Technologies and computational tools

Metabolomics

Metabonomics portrays a well-recognized SM approach involving the study of metabolic responses to stimuli with the aim to understand the dynamics as well as organ-specific biochemical responses [47, 48]. Metabolomics generates multivariate information in cells, tissues and multi-compartmental biological systems, which are a reflection of changes in biological processes [31, 49, 50]. By the global study of low molecular weight compounds (<1500 Da), it provides the characterization of individual metabolic phenotype. Because specific physiological states, gene expression and environmental stressors can cause changes in the steady state of a biological system, monitoring metabolic perturbations provides a unique insight into intra- and extracellular regulatory processes involved in the metabolism [51-53]. To analyze the metabolites, compromising the metabolome, at different concentration and in multiple cellular compartments, different analytical technologies are jointly used. These metabolites include intermediaries of the metabolism, signaling molecules such as hormones and other secondary metabolites [48]. These techniques are mainly based on 1H nuclear magnetic resonance (NMR) and mass spectrometry coupled gas/high-performance liquid chromatography, with the addition of ultrahigh-performance liquid chromatography systems coupled to mass spectrometry [54]. NMR-based metabolomics provides efficient high-throughput analysis to holistically profile hundreds of metabolites with no a priori selection, while MS is characterized by its increased sensitivity, allowing precise quantification but, owing to increased steps in sample preparation, on a reduced number of samples. The two methods are comprehensively used to generate multivariate information, which are then de-convoluted, by advanced statistical tools, to provide meaningful biological readouts [55, 56]. Metabolomics applications are today directly implemented to large population-based studies to enhance our understanding of the role of genetics, environmental factors and their interactions on individual susceptibility to disease and health [57].

Epigenomics

The inclusion of epigenetic data could play a consistent role in SM applications. The term ‘epigenetics’ defines the interplay between the genetic background and the environment that, through different molecular mechanisms, eventually produces the observed phenotypes. In particular, epigenetic mechanisms influence the expression of the genes and the penetrance of the different allelic variants, without changing, in term of sequence, the DNA [58]. Among the different epigenetic mechanisms such as micro RNA, proteins ubiquitination, histone methylation and acetylation, one of the most studied one is the methylation of DNA. DNA methylation occurs in specific genomic sequences, i.e. the CpG dinucleotide motif, where a cytosine is followed by a guanine (Fig. 5). These CpG sites are about 30 million throughout the genome, and there are small genomic regions of about 500–2000 bp that are significantly enriched in CpG sites, which are called ‘CpG islands’, classified as genic CpG islands and non-genic CpG islands, if they map nearby a gene or if they map in a gene desert region accordingly [59].

Figure 5.

Single-probe versus region-centric approaches for the analysis of DNA methylation microarrays. CpG DNA methylation measured by Infinium 450 k microarrays is expressed as a continuous value ranging from 0 (the CpG site is unmethylated in all the analyzed DNA molecules) to 1 (the CpG site is unmethylated in all the analyzed DNA molecules). In the analysis of differential methylation between two groups of samples, single-probe and region-centric approaches return different results. Single-probe analysis favors genomic regions like the one reported in box A, where a unique CpG site strongly differs in its methylation value between group A and group B. In the genomic region reported in box B, on the contrary, differences in DNA methylation values between groups A and B are smaller, but they involve several adjacent CpG sites; this configuration is preferentially identified by a region-centric approach. In the figure, CpG sites are represented as lollipops. A colour version of this figure is available at BIB online: http://bib.oxfordjournals.org.

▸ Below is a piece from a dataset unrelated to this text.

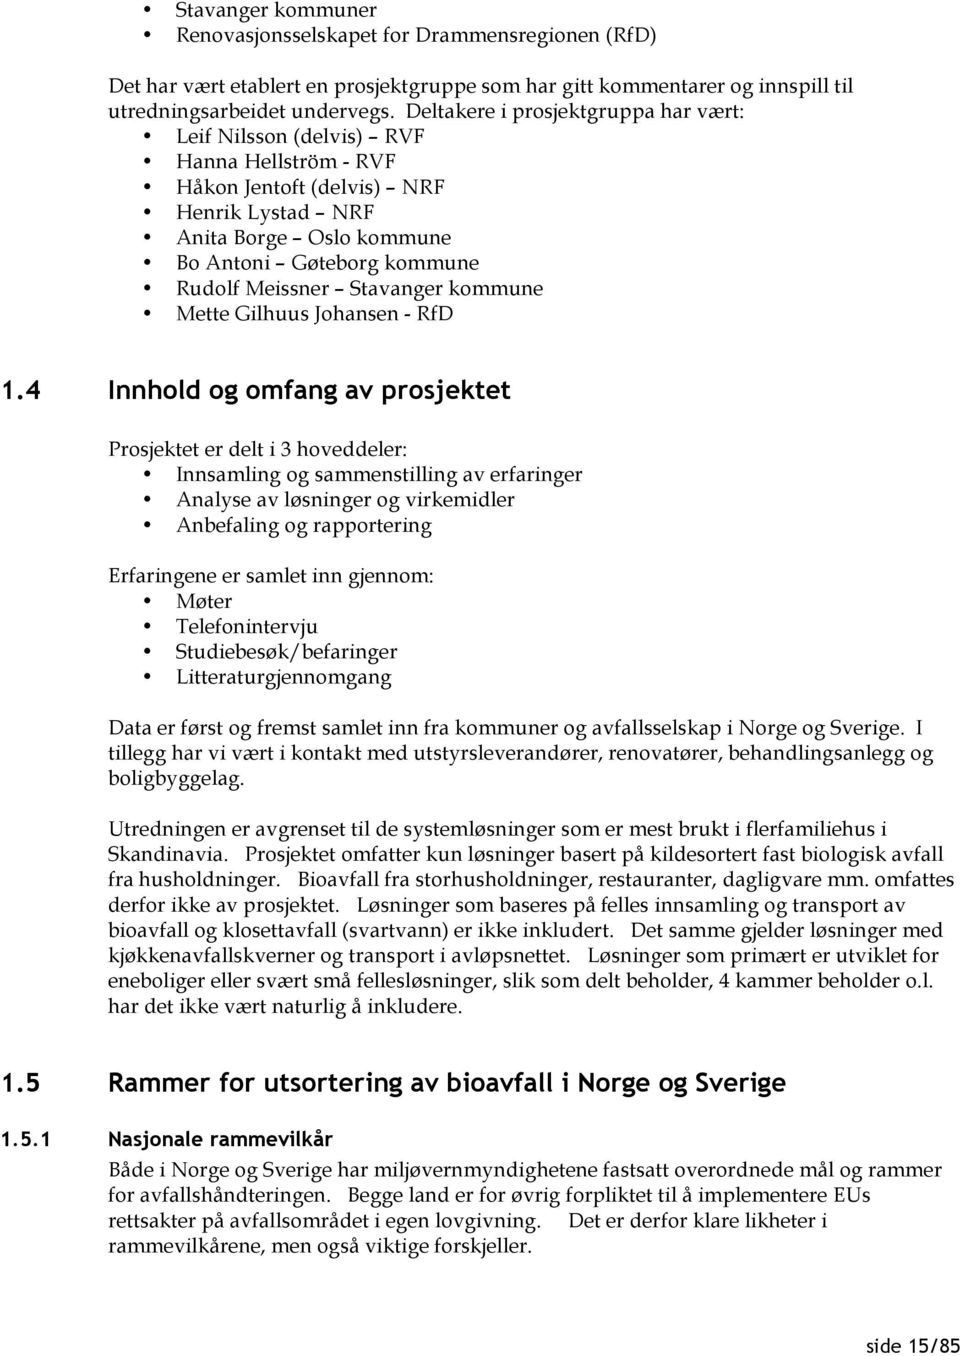 Stavanger kommune Mette Gilhuus Johansen - RfD 1.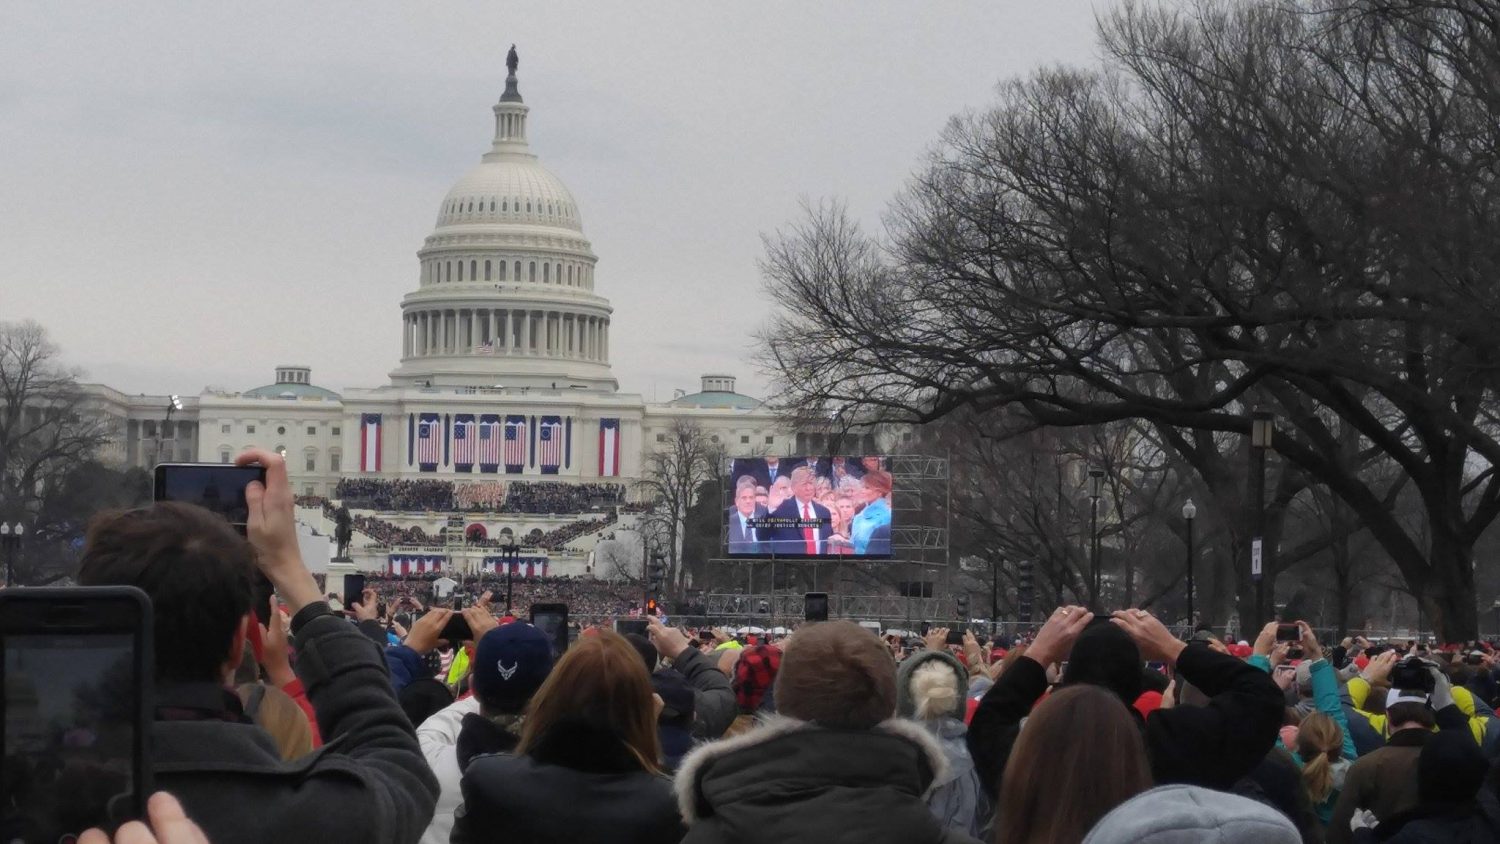 Presidential inauguration proves memorable for Merrill couple

While the role of the non-genic CpG islands is still not clear, the genic CpG islands are well-recognized functional elements, whose methylation is often correlated with the expression of the nearby gene. Even though this is not a stringent rule, in general, the hypo-methylation of a genic CpG island is correlated with the hyper-expression of the correspondent gene, and vice versa, the hyper-methylation correlates with its hypo-expression. The state of the art in epigenomic technology is the NGS, which has been successfully applied to the study of the DNA methylation. The field of human aging has gained particularly benefits by these technologies. Indeed, the age-related methylation changes are among one of the major molecular remodeling phenomena that occurs during aging [60-62]. These results strongly support the idea that DNA methylation on the whole is deeply involved in the aging process and its related effects on physiological fitness. This poses DNA methylation as one of the sharpest arrows for the system medicine arch. Nevertheless there are many issues on the use of such data and on how integrate them with the other omics markers.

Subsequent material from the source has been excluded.